In Singapore, an all-women co-working space called Woolf Works is inspired by Virginia Woolf’s A Room of One’s Own and opened in 2014. The She Will Shine HQ hub, located just outside of Melbourne, Australia, also opened in 2014 and offers workshops and events for its all-women community of business owners.
Founded in 2009, Hera Hub (named after the mythical Greek goddess of women) offers shared workspaces with a “spa-like” environment in cities in the US from San Diego to Washington, DC. Although men are not banned from the space, founder Felena Hanson said women are the primary customers.

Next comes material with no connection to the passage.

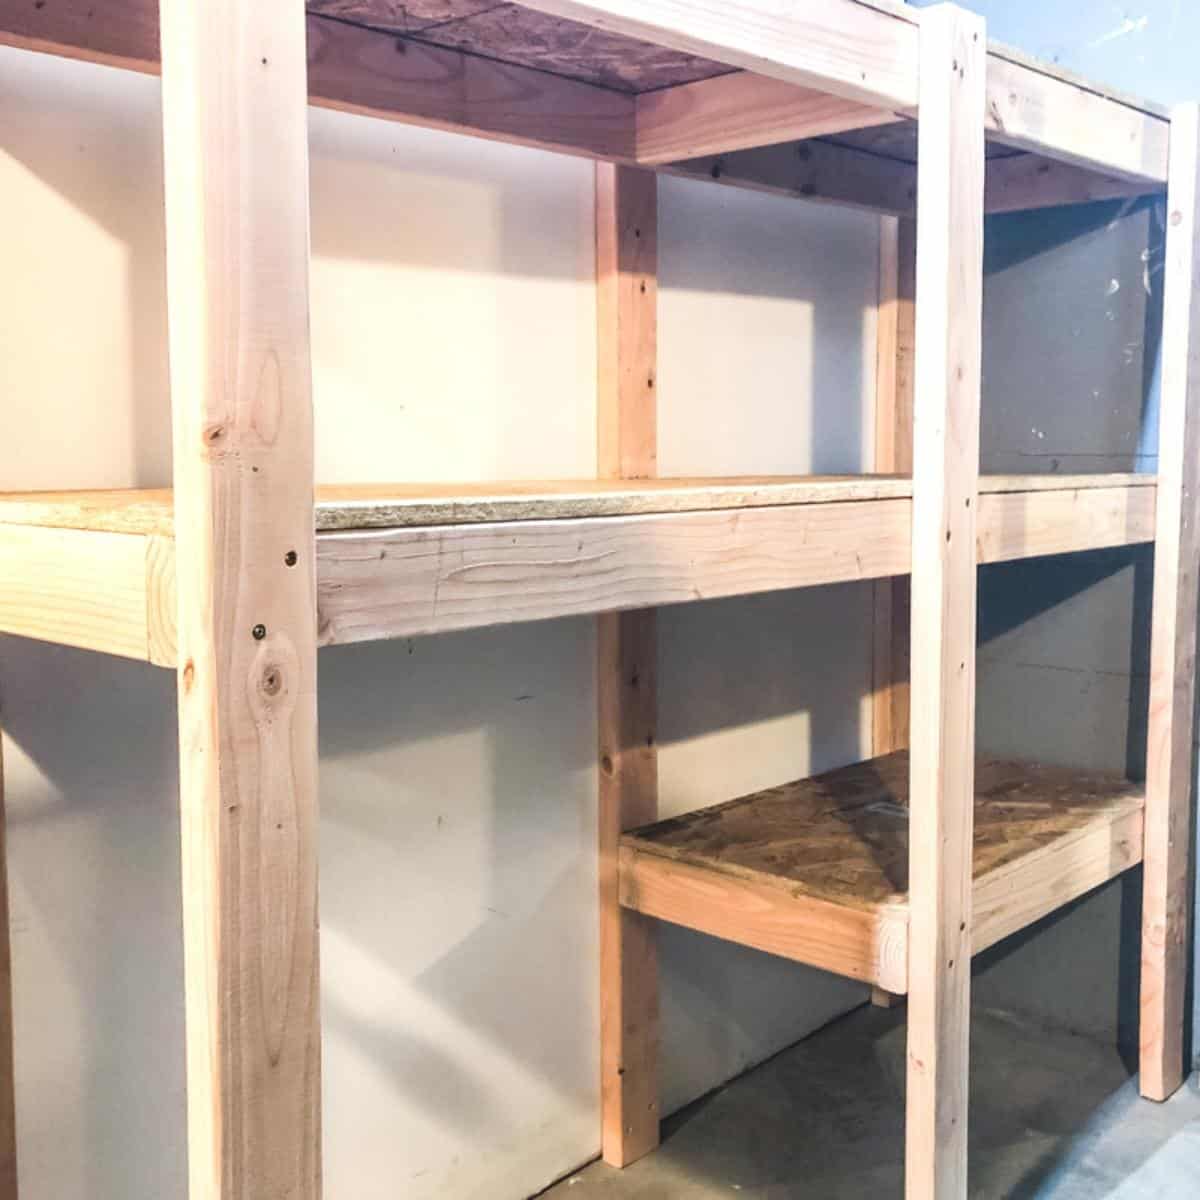 How I Built A Rising Shelf Storage For My Shop

Hanson believes that a work environment that “doesn’t require you to kick someone else down the ladder to get ahead”, women will support one another. Her workspaces quickly become networking and collaboration opportunities through their membership events and training programmes, Hansen said.

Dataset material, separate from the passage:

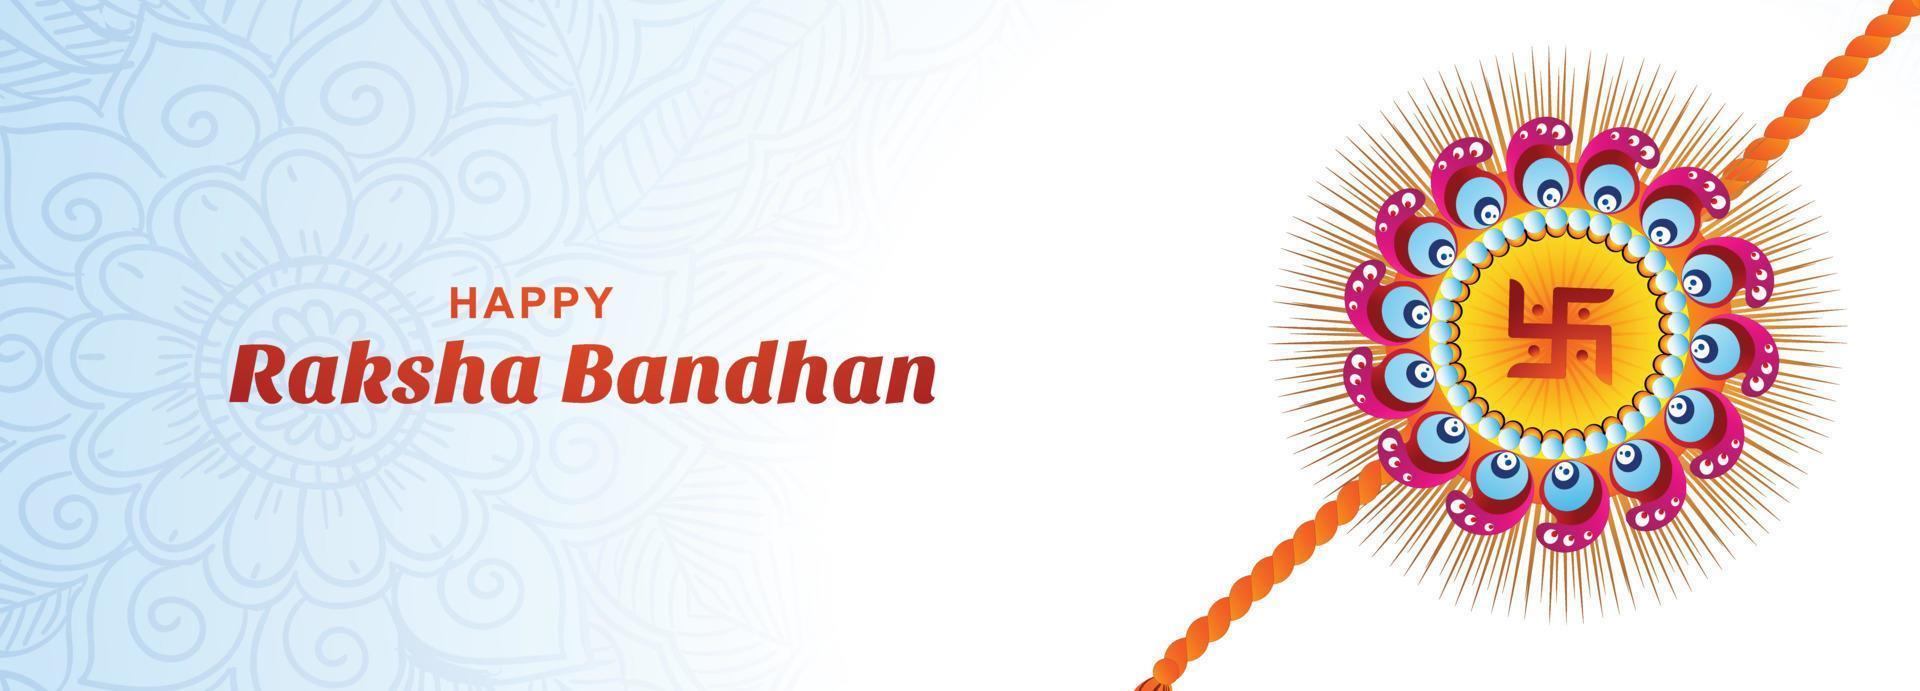 rakhi decorativo para fundo de banner de cartão de celebração raksha bandhan feliz vetor

Hera Hub plans to expand to the UAE, Saudi Arabia and beyond. Potential partners in Saudi Arabia have told Hanson that social segregation between men and women there means a female-only shared workspace is the only way some entrepreneurial women can work.
In Tel Aviv, Israel, WMN, a shared work hub for women-led tech companies opened in March 2015. Serial entrepreneur Oren Merav, who founded WMN, said her hub doesn’t differ that much from other shared workspaces, except for one thing.
“We are finding, and actively reaching out to female entrepreneurs,” she said. “At other places, this is not their focus. But for me, I want to have more women-led ventures; I want to see the numbers change. Our workspace is about 50/50 between men and women, and that’s because we are actively reaching out to women.”
Us vs them
Falon Fatemi, who was the youngest female employee at Google when she was hired at age 19, has since founded Node, a stealth start-up that will “connect people with the people they need to be connected to”, funded by New Enterprise Associates and Mark Cuban, one of the investors on ABC’s reality show Shark Tank, the American version of Dragons’ Den.
But Fatemi said she has faced challenges because she is a woman. “My male counterparts have even noticed there is an initial scepticism I am initially met with in meetings that if I were male would not exist,” she said.
Though Fatemi said initiatives targeting women, awareness about gender issues, and funds targeting women entrepreneurs are great developments, she is concerned about an over-focus on the issue as well as the danger of creating an “us-versus-them” mentality.
“I was in an investment meeting and the investor was trying to make a point and he said ‘you guys,’ and then he paused to explain that he didn’t mean you guys, in terms of guys and gals, or whatever,” she said, “And it became a distraction to me being able to close funding because he was so aware of the fact that I’m a woman.”
Ultimately though, cash is what counts in the start-up world. And even if investors have little interest in lengthy discussions on gender equality, the untapped value of women is increasingly being acknowledged as more female angel investors and female partners at VC firms fund female-led ventures, and as companies like Intel, AOL and Comcast create funds targeting women and/or minority led ventures.
“There’s no way a business will invest in women only because of social impact issues,” Fatemi points out. “The fact that they are putting millions toward it means they have run the numbers and expect an ROI — it’s smart business.”